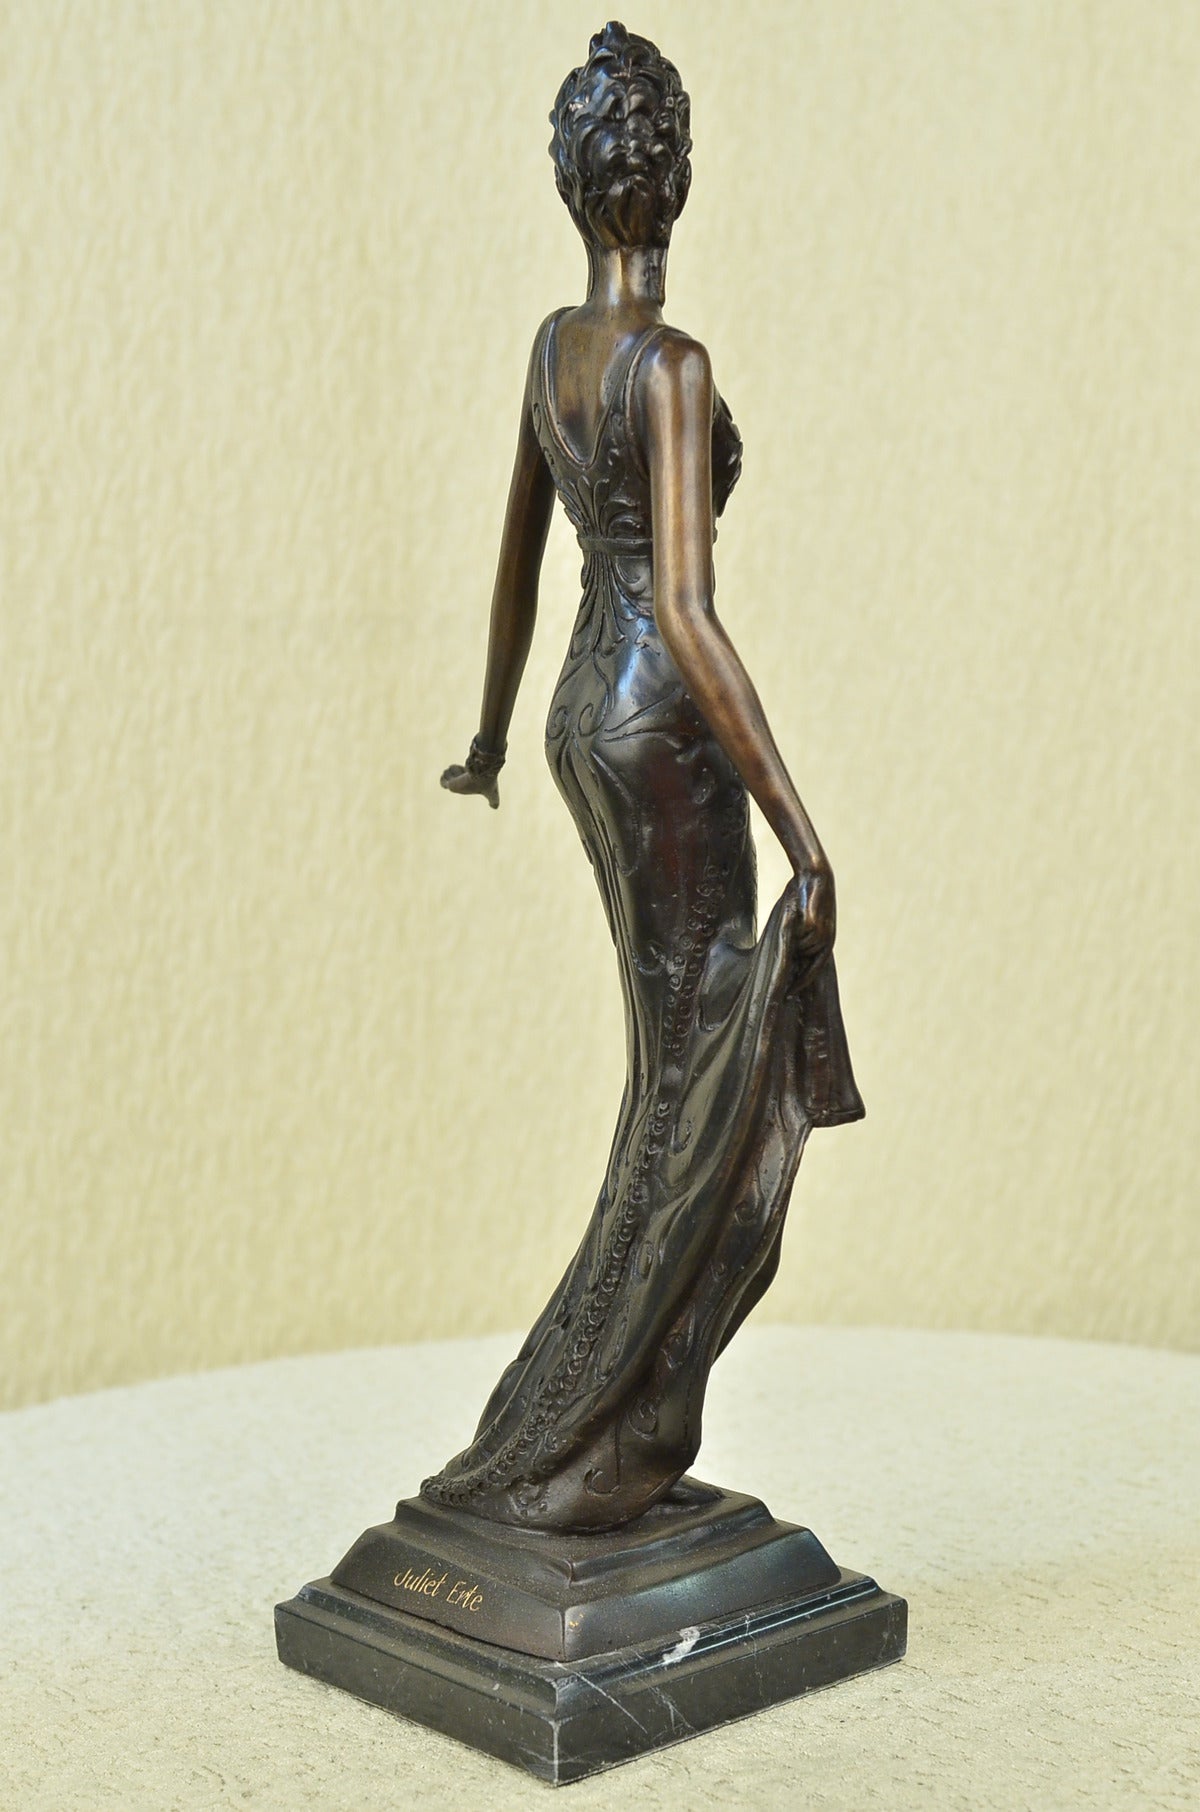 100% Solid Bronze Sculpture Art Deco/Nouveau Gorgeous Woman Lost Wax Method
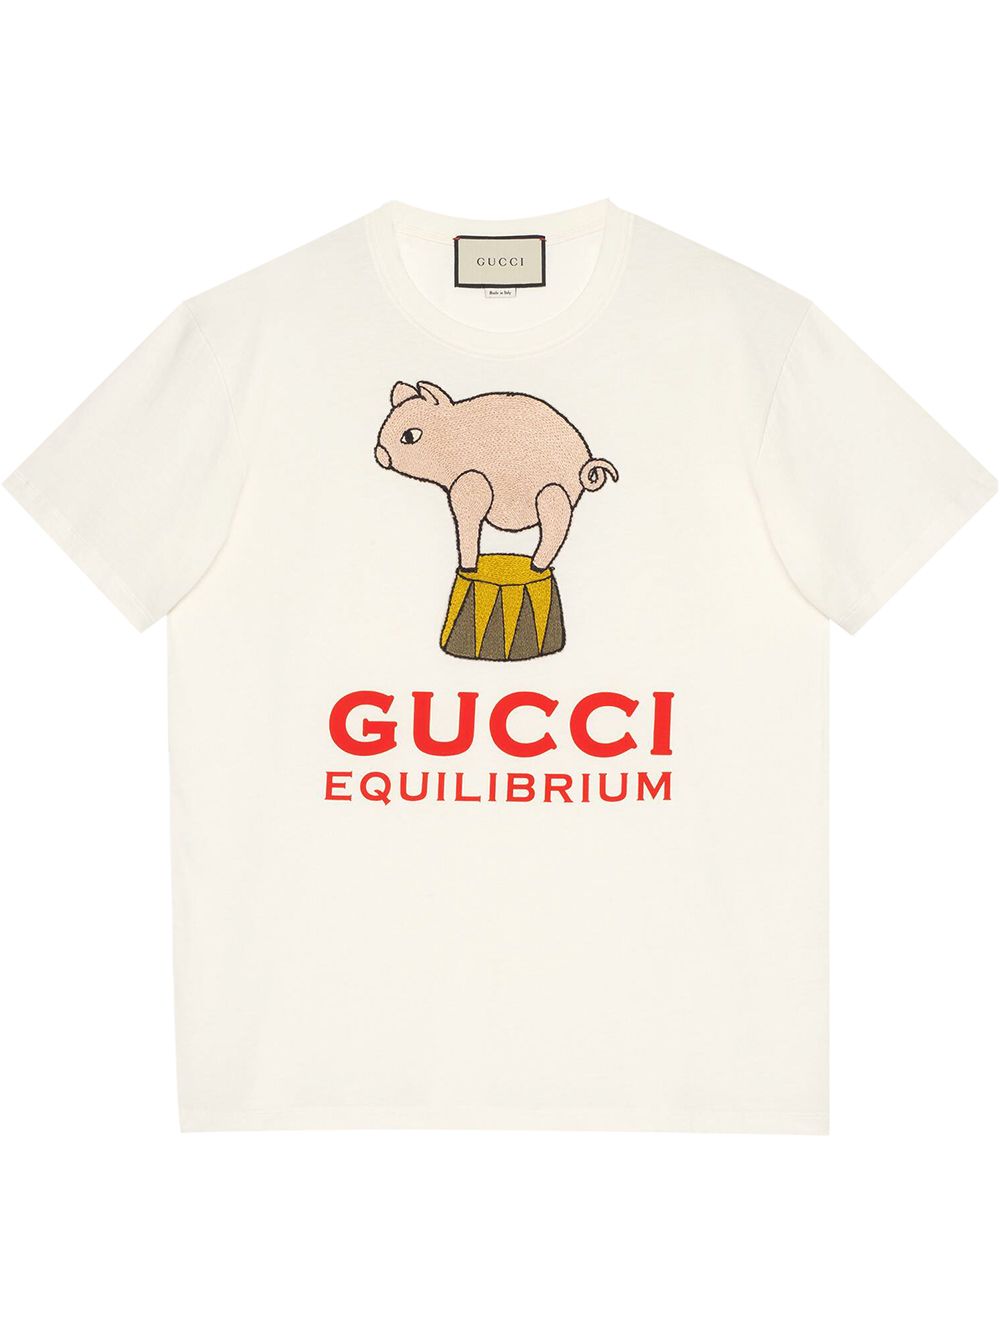 фото Gucci футболка оверсайз gucci equilibrium
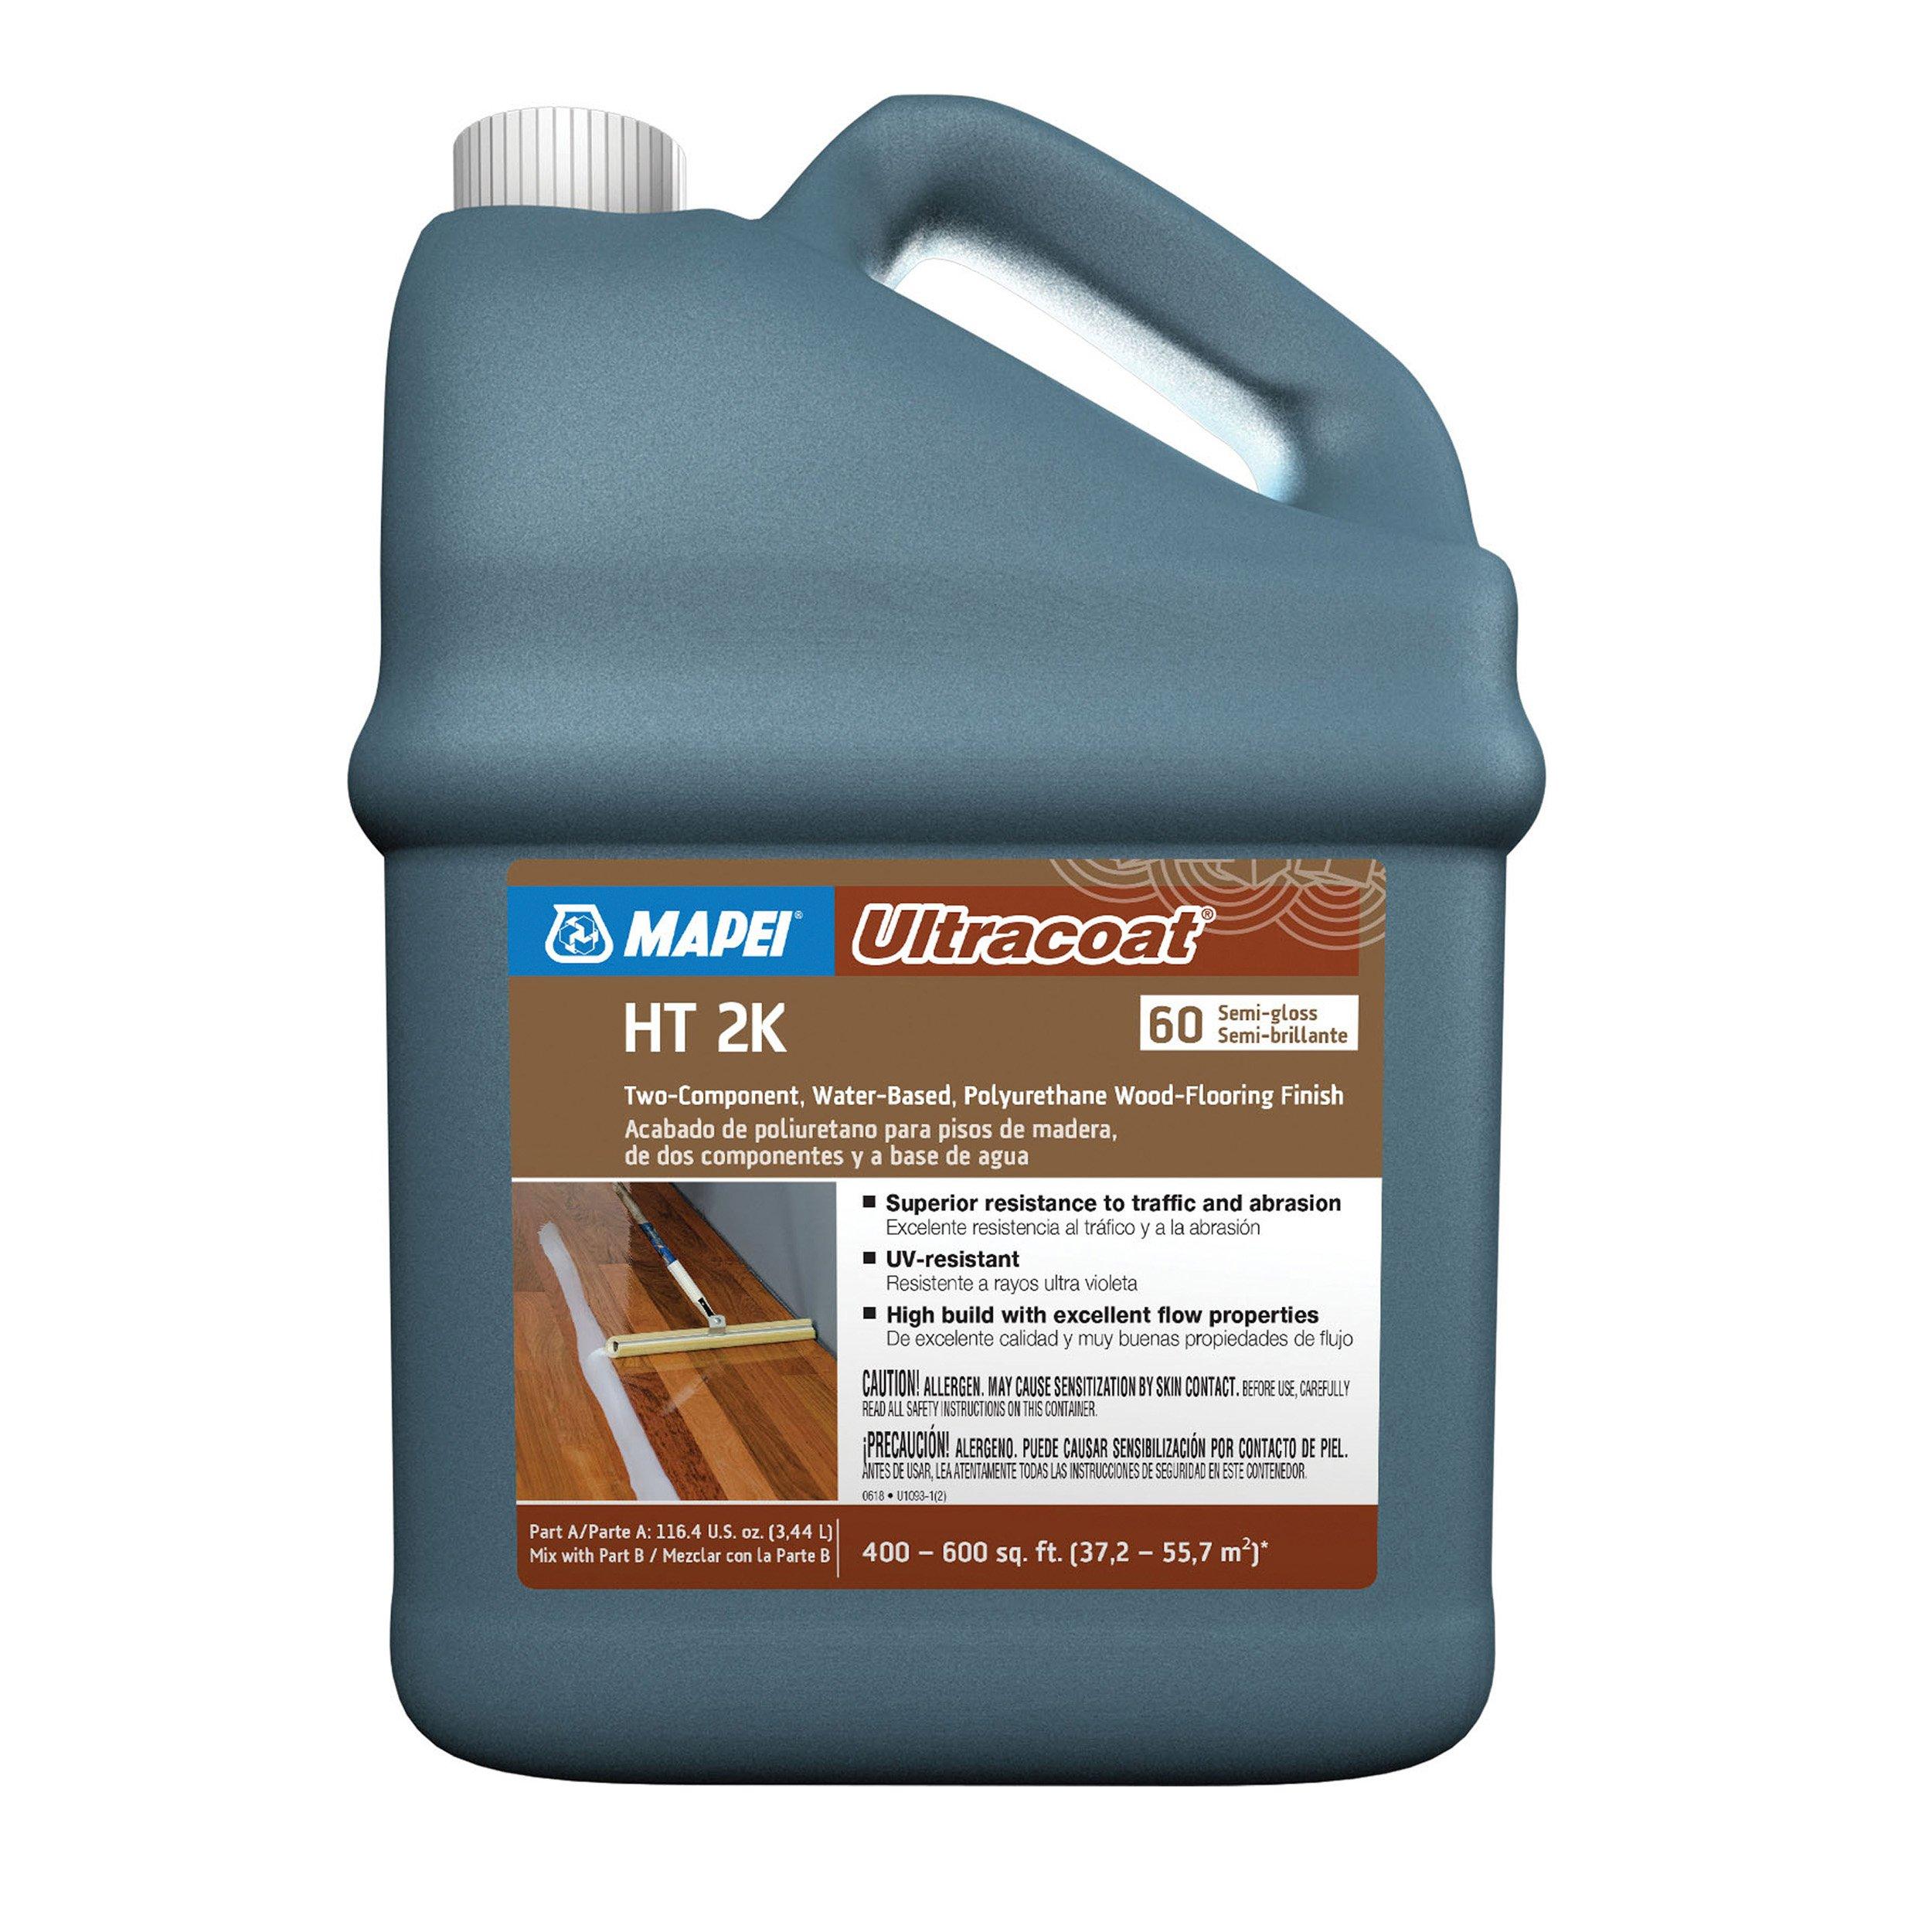 Mapei Ultracoat HT 2K 60 Semi-Gloss
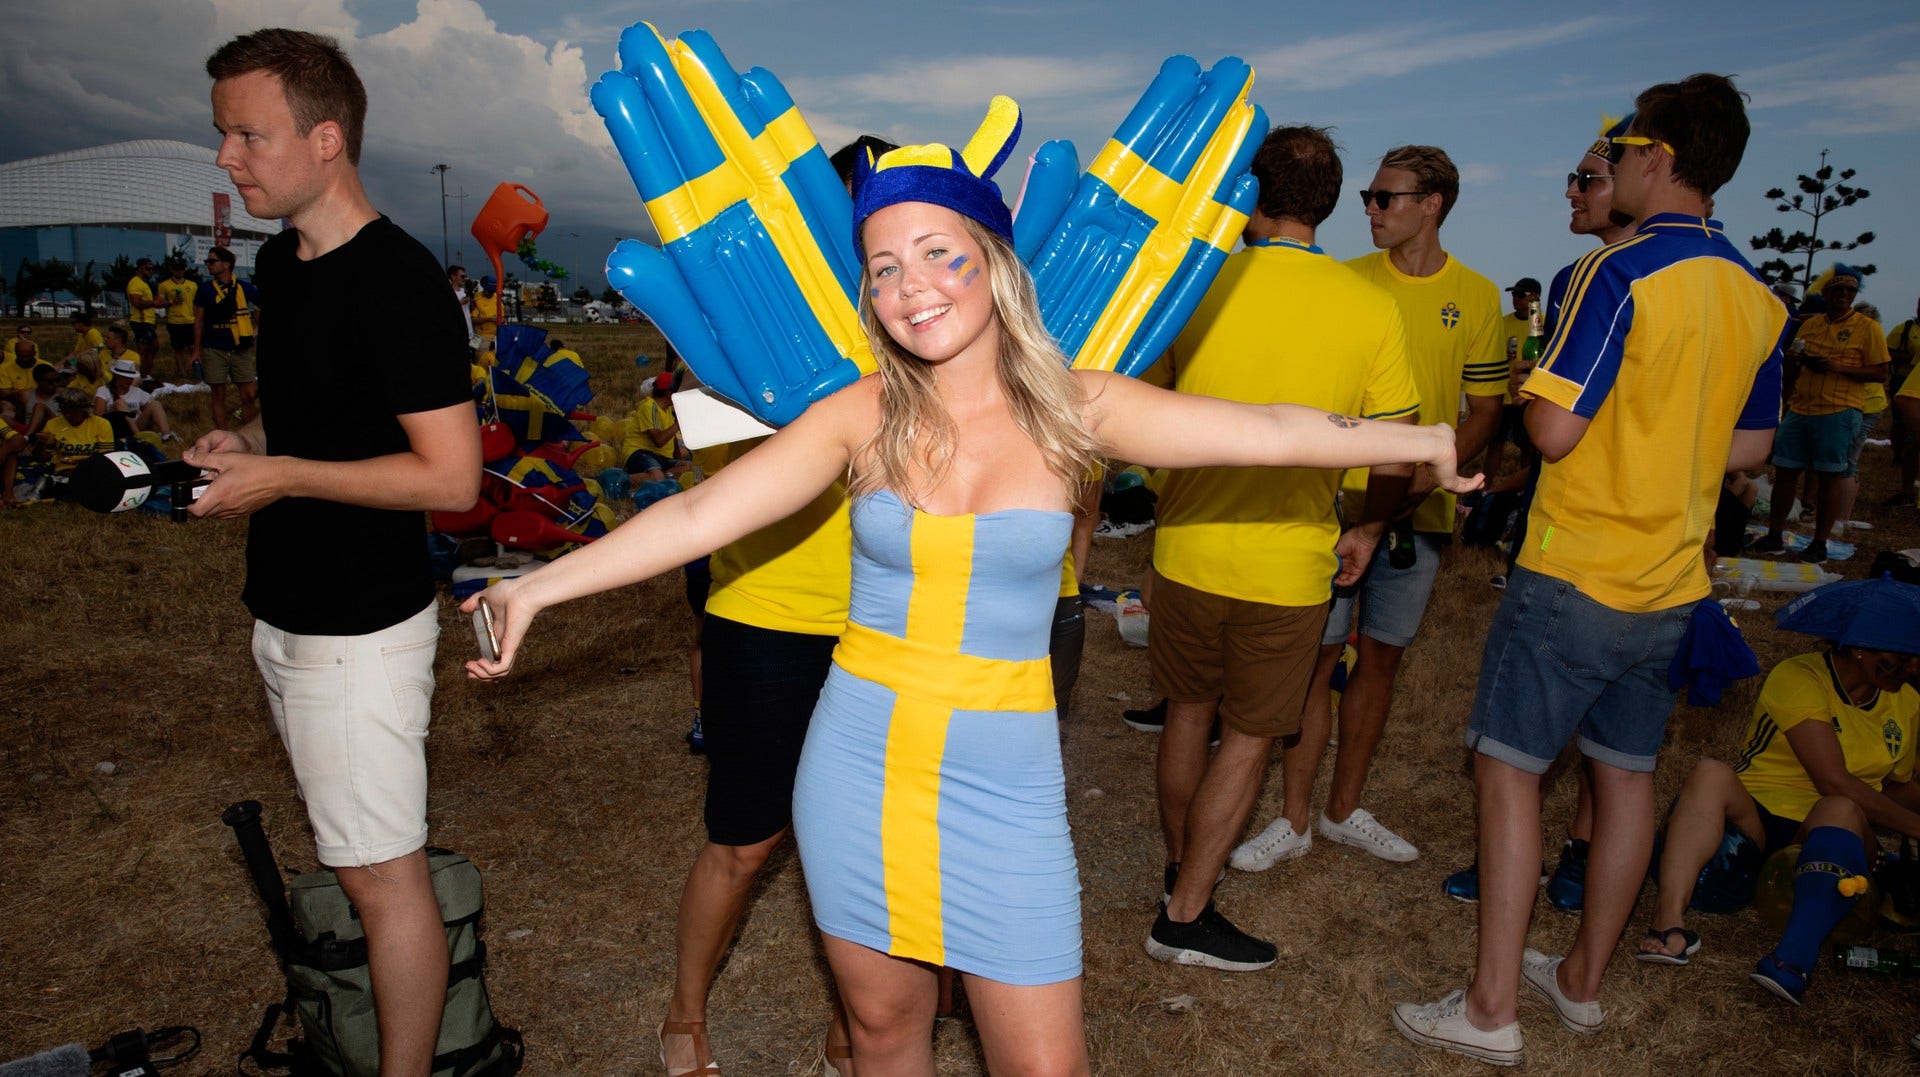 Insändare: ”Svenskar firar midsommar även utomlands”.

__Problem requirements__
No pictures belong in the copy; quote exactly the lines from the line containing "Mapei Ultracoat HT 2K 60 Semi-Gloss" through the final line of the material, both ends included.

__Answer for the task__
 Mapei Ultracoat HT 2K 60 Semi-Gloss
 Insändare: ”Svenskar firar midsommar även utomlands”.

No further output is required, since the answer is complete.